In a few words, because for years minorities – especially African Americans – have been banned from wearing their natural hair when other races were allowed great freedom in this area.
In Hollins v. Atlantic Co., Inc., 188 F.3d 652, 661 (6th Cir. 1999) the court held a reasonable jury could find Title VII violation where company prevented Black female from wearing hair in a “finger waves” hairstyle and in other hairstyles deemed “too eyecatching,” while not subjecting White women to such standards, and even though the company admitted Plaintiff’s hairstyles complied with company policy that hairstyles be neat, well-groomed, and safe.

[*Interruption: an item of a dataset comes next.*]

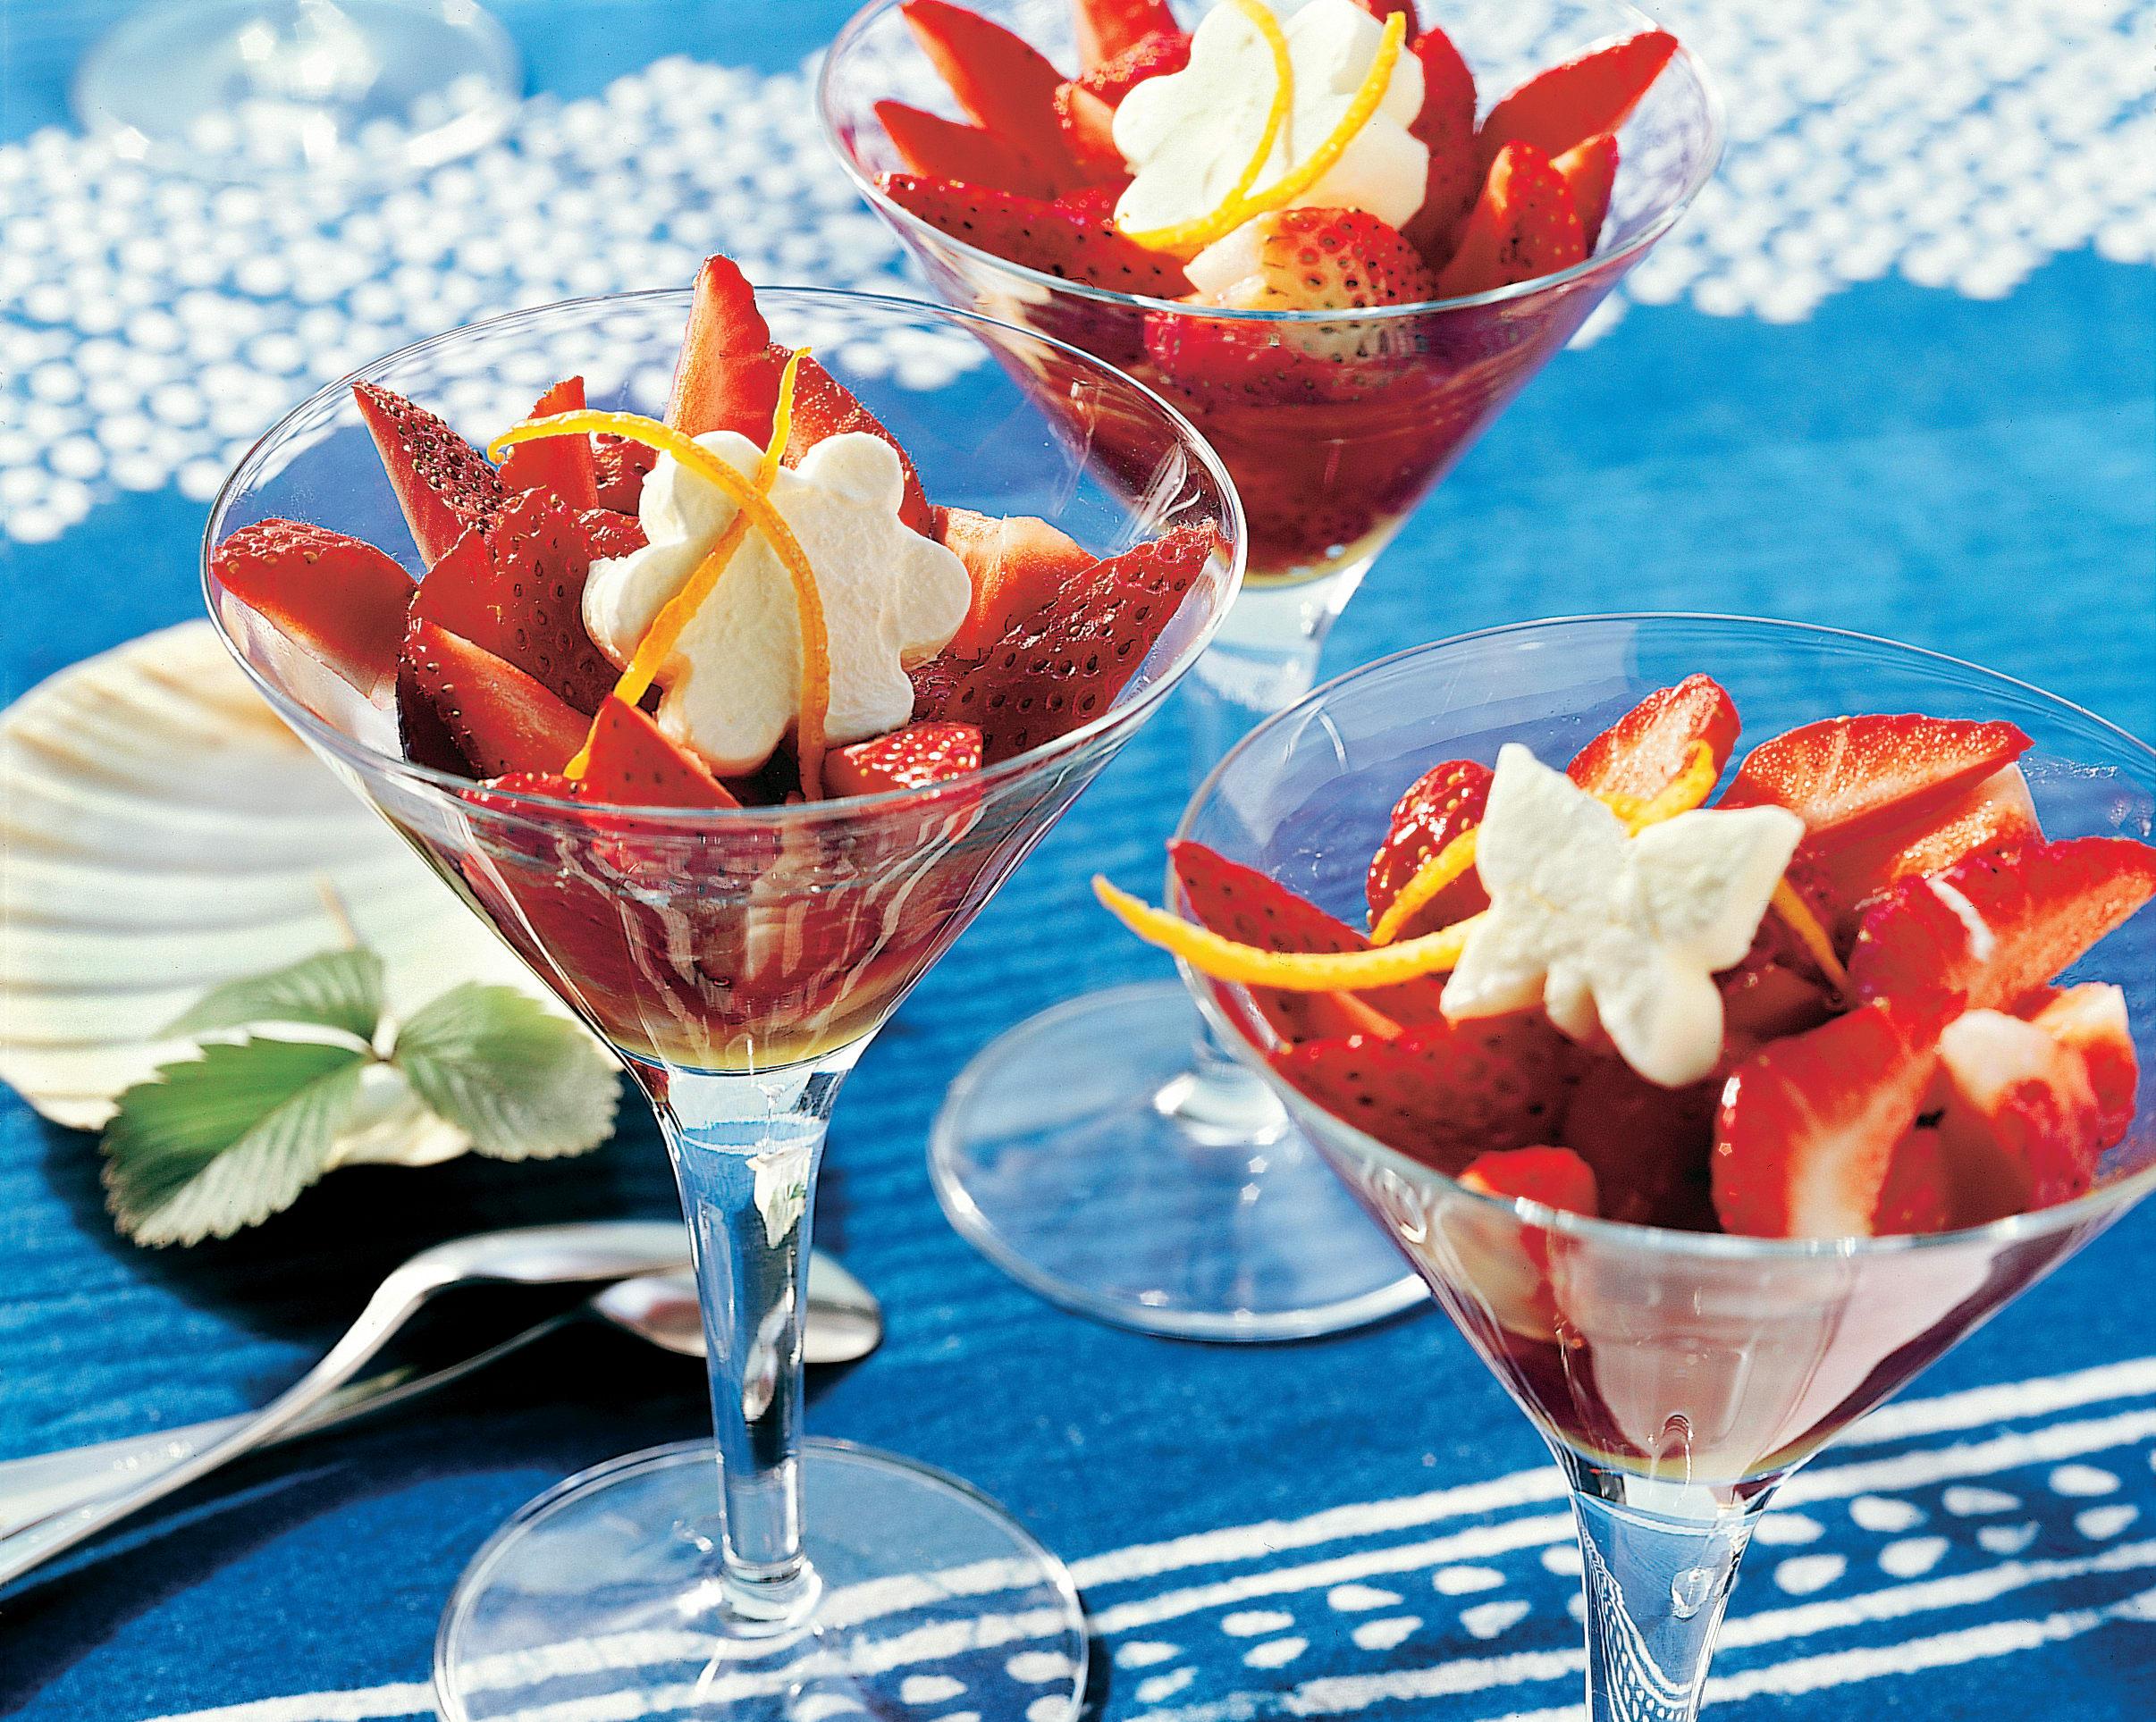 Fraises et leur crème glacée aux fleurs de sureau

In Rogers v. American Airlines, 527 F. Supp. 229, 232-34 (S.D.N.Y. 1981) the court held that a neutral employer policy against women wearing braids or cornrows was not a race-based distinction, and thus such a policy would violate Title VII only if it had a disparate impact on Black women and was not job-related and consistent with business necessity, or if the policy were applied in a discriminatory manner; the court also stated in dicta that an employer policy banning “afro” hairstyles likely would be a race-based distinction in violation of Title VII because, unlike braids or cornrows, an “afro” is the product of natural hair growth rather than artifice.
See also, e.g., Millin v. McClier Corp., No. 02 Civ. 6592 (GEL), 2005 WL 351100, at *5 (S.D.N.Y. Feb.14, 2005) (“a reasonable factfinder could construe comments regarding [plaintiff’s] dreadlocks as related to his race, religion, and/or national origin [given that] dreadlocks are commonly associated with African-American, Rastafarian, and Jamaican culture”). But see EEOC v. Catastrophe Mgmt. Sols., 876 F.3d 1273 (11th Cir. 2017) (finding that dreadlocks are not an immutable protected trait associated with race under Title VII). https://www.eeoc.gov/policy/docs/race-color.html
And these are only a few examples among the many that never went to court.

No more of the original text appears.